County prosecutor Michael O’Malley filed the charges in common pleas court on Thursday. Prosecutors also charged Mason with murder, two counts of felonious assault, violating a protection order and grand theft.

Shaker Heights police arrested Mason on Nov. 17 after responding to a 911 call from a home in the city. His sister told a dispatcher that Mason had attacked Fraser, according to tape of the call.

In a news release, O’Malley’s office said that Mason confronted Fraser after she arrived at the house with their two children, who are eight and 11 years old.

Fraser, 45, was a teacher in the Shaker Heights schools. Hundreds of people attended a vigil last week to mourn her death.

“Aisha Fraser was viciously and cruelly taken from her children by Lance Mason’s cowardly and selfish act,” O’Malley said in the release. “He stole a loving mother from her children and took an exceptional teacher, neighbor, and role model from the Shaker Heights community.
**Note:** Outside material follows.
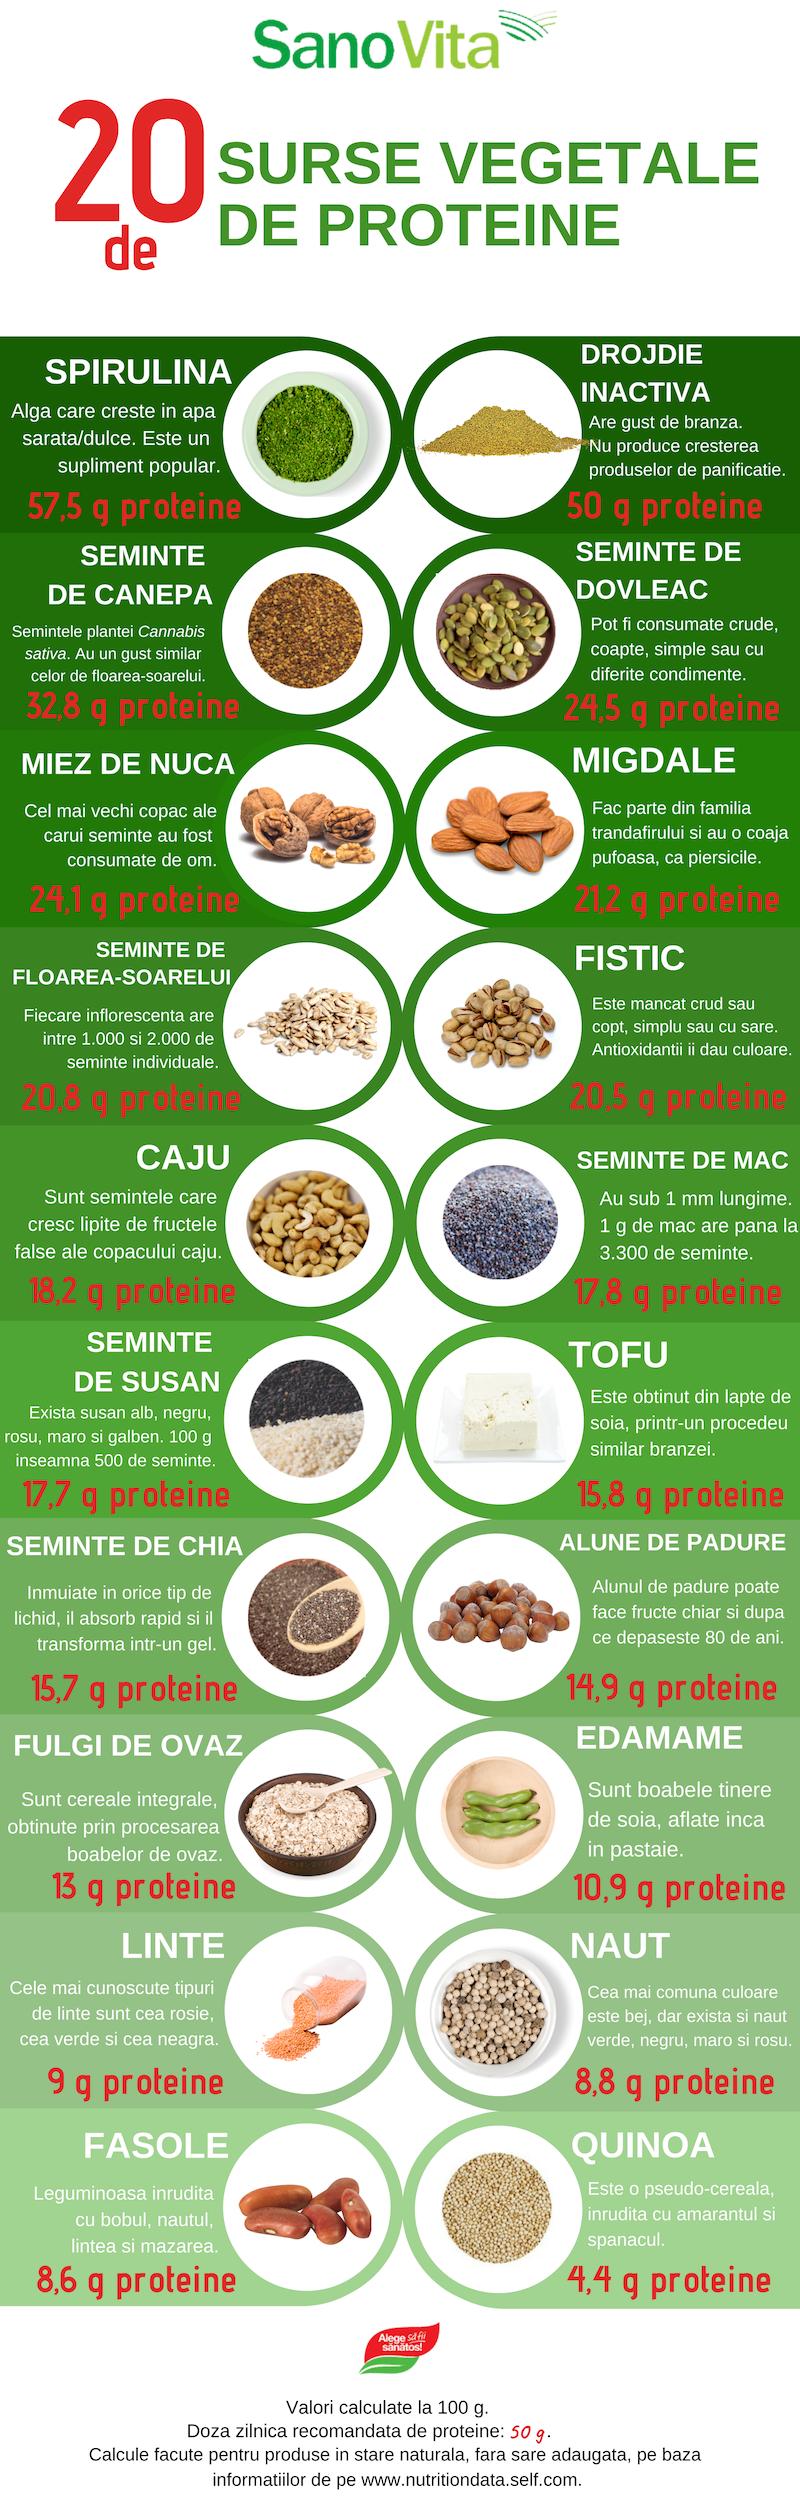 20 de surse de proteine vegetale
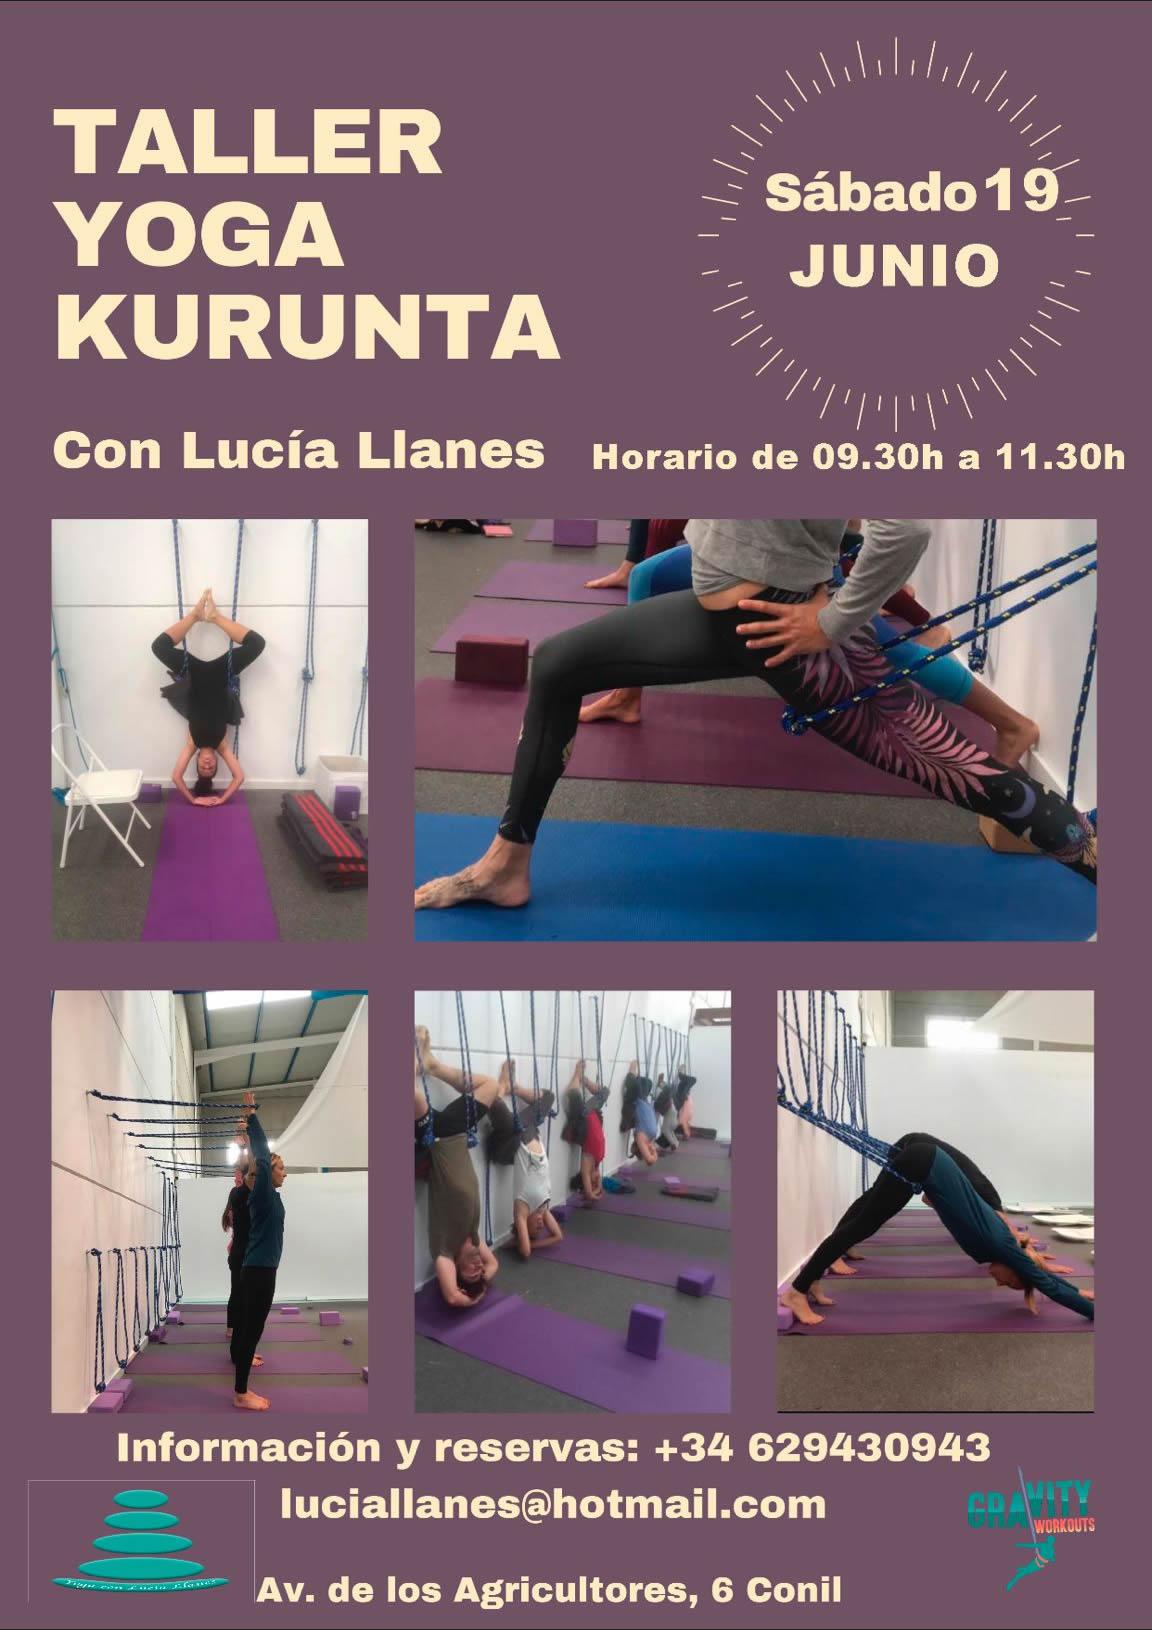 Taller de Yoga Kurunta 'yoga con cuerdas en la pared' en Gravity Workouts

He will be held accountable for his barbaric act.”

Police previously charged Mason with felonious assault, saying he rammed a police cruiser and injured an office while trying to flee the scene. In charging Mason with grand theft, the indictment accuses him of using Fraser’s Audi SUV to try to get away.

Mason served nine months of a two-year prison sentence for physically assaulting Fraser in 2014. As a condition of Mason’s release, visiting Judge Patricia Cosgrove prohibited him from any contact with Fraser.

Mason, a former Democratic state lawmaker, served as a common pleas judge from 2008 to 2015. He resigned from the bench after pleading guilty to attempted felonious assault and domestic violence.

After Mason’s release from prison in 2016, the Ohio Board of Professional Conduct sought to have him disbarred. Numerous people wrote in support of Mason as he fought the revocation of his law license.

The city of Cleveland hired Mason in 2017 to work on minority business development. He was fired shortly after his arrest this month.